Anamalcılıktan (kapitalizmden) derebeylik (feodalite) öncesine dek birçok
üretim ilişkisi varlığını sürdürüyordu. Çarlığın baskıcı yönetimi nedeniyle
Rusya’ya “halklar hapishanesi” deniyordu.
Rus
sosyalistleri, içinde yaşadıkları toplumun özelliği nedeniyle, ulusal soruna
olağanın ötesinde önem vermek zorundaydılar. Nitekim öyle yaptılar. Ulusal
sorunu her boyutuyla ele aldılar, kapsamlı araştırmalar ve uygulamalar yaparak
genel ve özel bilimsel sonuçlara ulaştılar. Sovyet hükümetini oluşturan 14
bakanlık (halk komiserliği) içinden birini, Uluslar Halk Bakanlığı (Milletler
Halk Komiserliği) yaptılar. Komünist Parti’nin önde gelenlerinden ve ulusal
sorun üzerine yaptığı araştırmalarla dikkat çeken Josef Stalin’i
Uluslar Halk Komiserliğine getirdiler.
Lenin ve Stalin’in Söyledikleri
Ulusal sorun, Lenin’in kuramsal çalışmaları
içinde önemli bir yer tutar. Konunun Rusya için anlamını, yerel ve genel
boyutunu, sosyalist savaşımla karşılıklı etkileşimini irdelemiş ulusal ve
uluslararası sonuçlar çıkarmıştır. 1848 demokratik devrimlerini, İsveç-Norveş
ayrılığını; Finlandiya, İrlanda, Polonya sorununu ve 20.yüzyıl başındaki ulusal
devinimleri incelemiştir. O da Marks gibi ulusal sarunun uluslararası
boyutuna önem vermiş, ulusların kaderlerini tayin hakkını savunarak, “ezilen”
“küçük” ulusların desteklenmesi gerektiğini söylemiştir. Bu söylem,
Sovyetler Birliği’nde devlet politikası durumuna getirilmiştir. Ancak, bu
destek, sınırsız ve her zaman geçerli değildi, olmazsa olmaz bir koşulu vardı.

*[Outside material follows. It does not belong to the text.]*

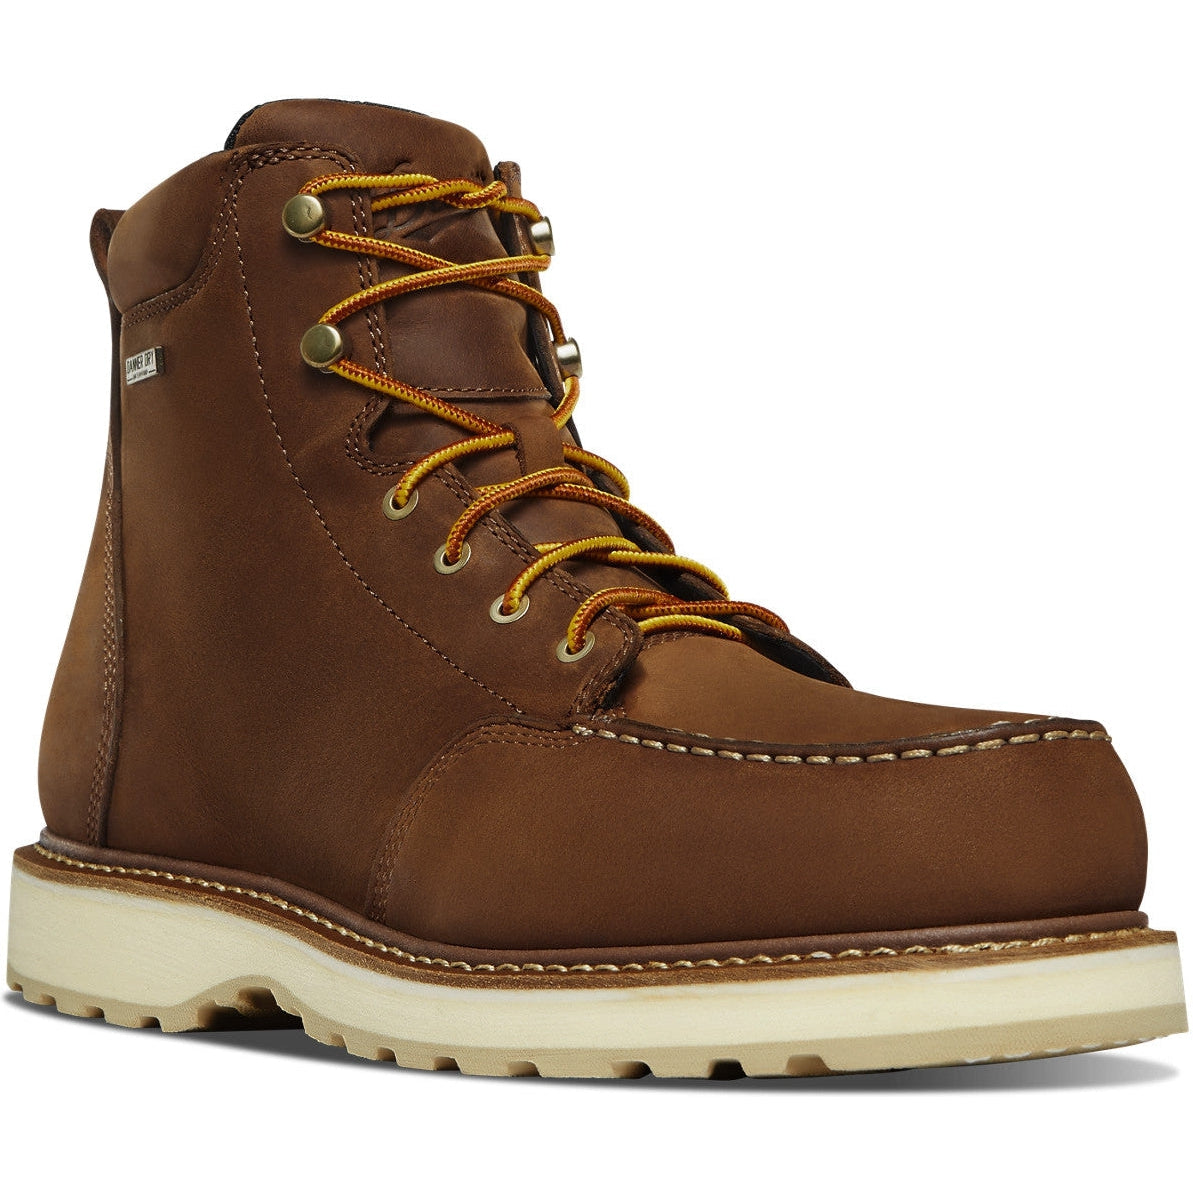 Danner Men's Cedar River 6" WP Soft Moc Toe Work Boot - Brown - 14300 7 / Medium / Brown - Overlook Boots
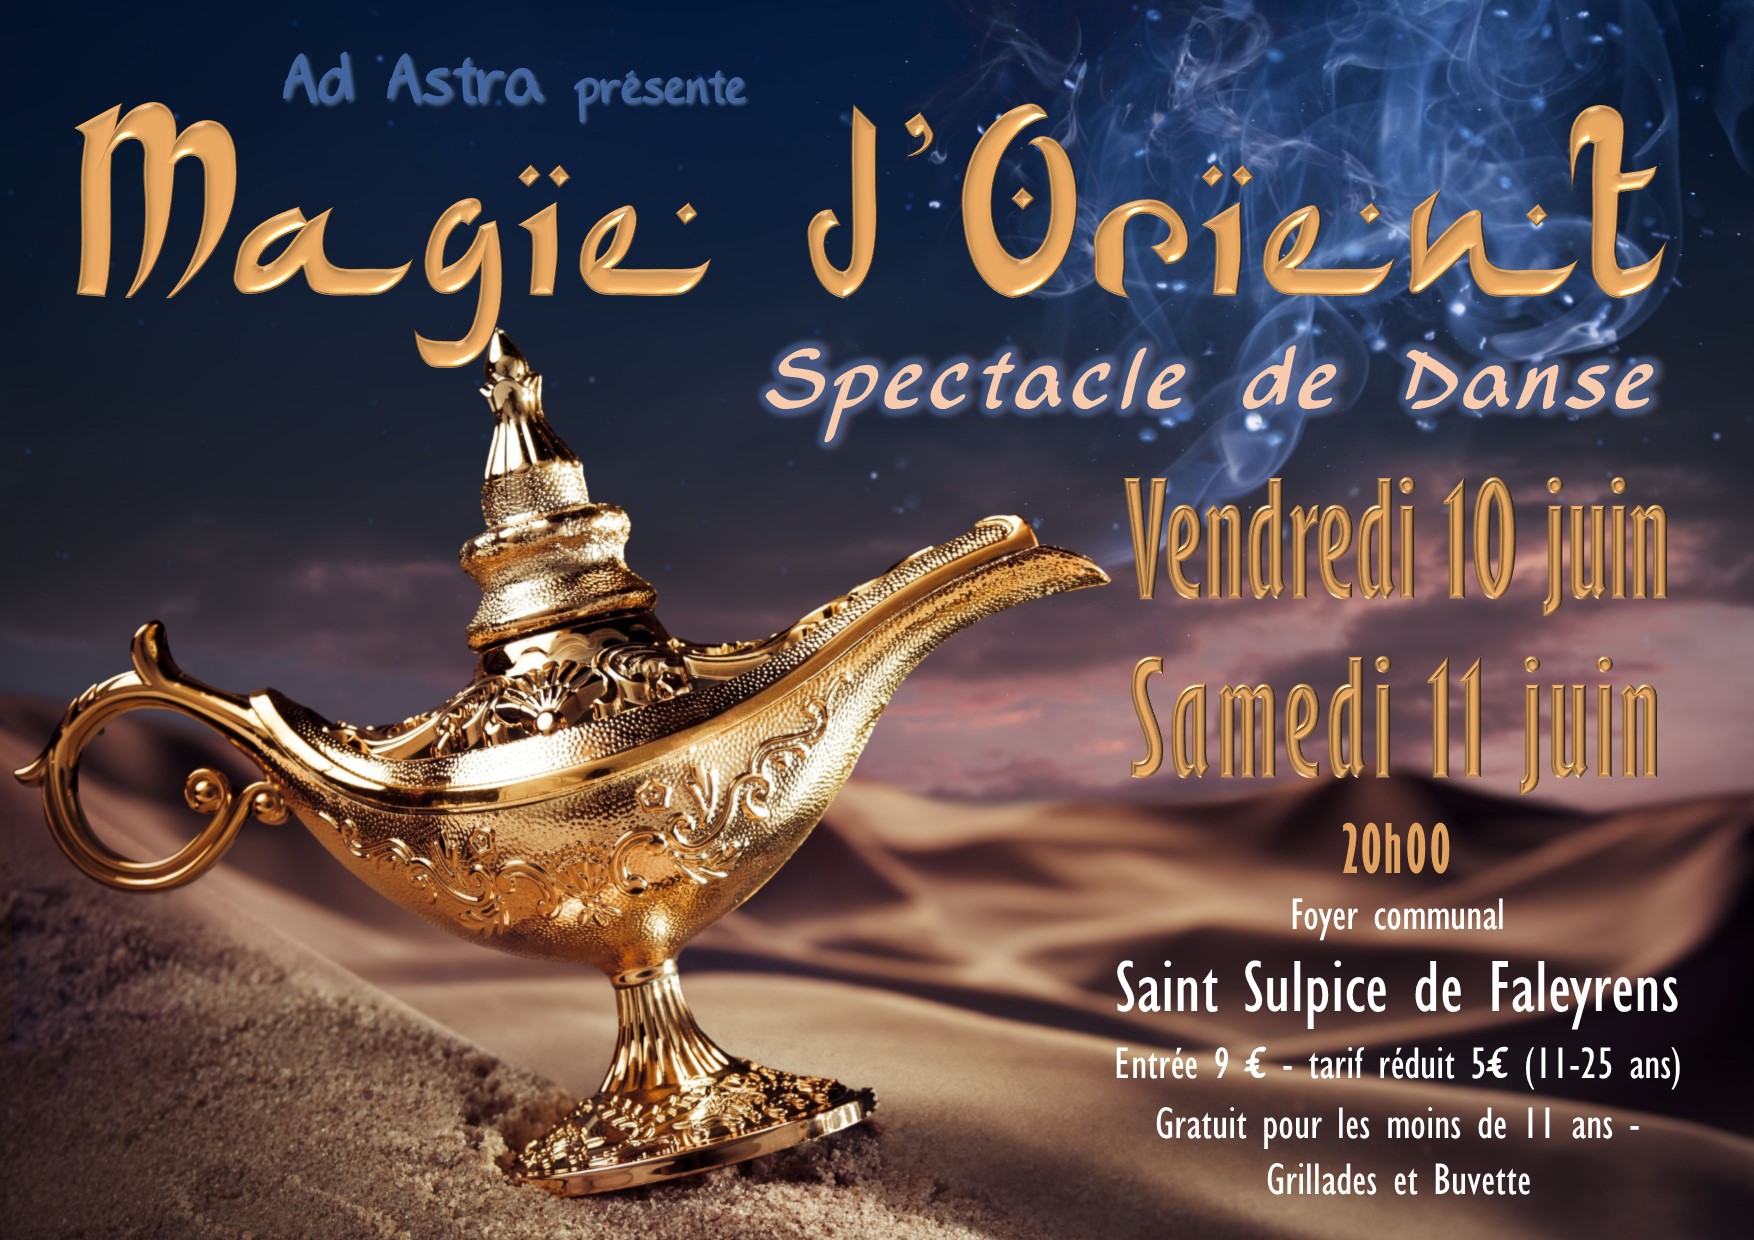 « Magie d’Orient » le spectacle de danse d’Ad Astra

Desteklenecek ulusal devinim, dünya sosyalist ve
demokrat deviniminin parçası olmalı, ona zarar vermemeli, emperyalizmle
uzlaşmamalıydı. Ulusların Kaderlerini Tayin Hakkı adlı yapıtında şöyle
söyler: “...Ulusların kaderlerini tayin hakkı dahil demokrasinin çeşitli
istemleri, mutlak şeyler değildir. Bunlar dünya demokratik hareketinin tümünün
bir parçasıdır. Kimi somut durumlarda, parçanın bütün ile çelişkiye düşmesi
olanağı vardır. Bu durumda parça reddedilmelidir.8
Emperyalizmle uzlaşan ulusal devinimler için tutumu
çok serttir ve bu tür devinimlerin “ezilmesi” gerektiğini söyler. Şöyle
der: “Kimi küçük uluslar, burjuva gericiliğinin dayanakları durumunda
olursa, bizim de bu gerici halkların içindeki hareketin niteliği ne olursa
olsun onları ezmek ve ileri karakollarını yıkmak için, devrimci bir savaştan
yana olmamız gerekir.”9
Stalin’in ulusal devinimlere verilecek destek konusundaki görüşü Lenin’den
ayrımlı değildir. Ulusal Sorun adlı yapıtında şöyle söyler; “...Kuşkusuz
proleteryanın her ulusal hareketi, her zaman, her yerde, her özel ve somut
durumda desteklemeye mecbur olduğu anlamına gelmemelidir. Desteklenmesi söz
konusu olan ulusal hareketler, emperyalizmi sürdüren ve güçlendiren hareketler
değil, emperyalizmi zayıflatan ve devrilmesini kolaylaştıran hareketlerdir.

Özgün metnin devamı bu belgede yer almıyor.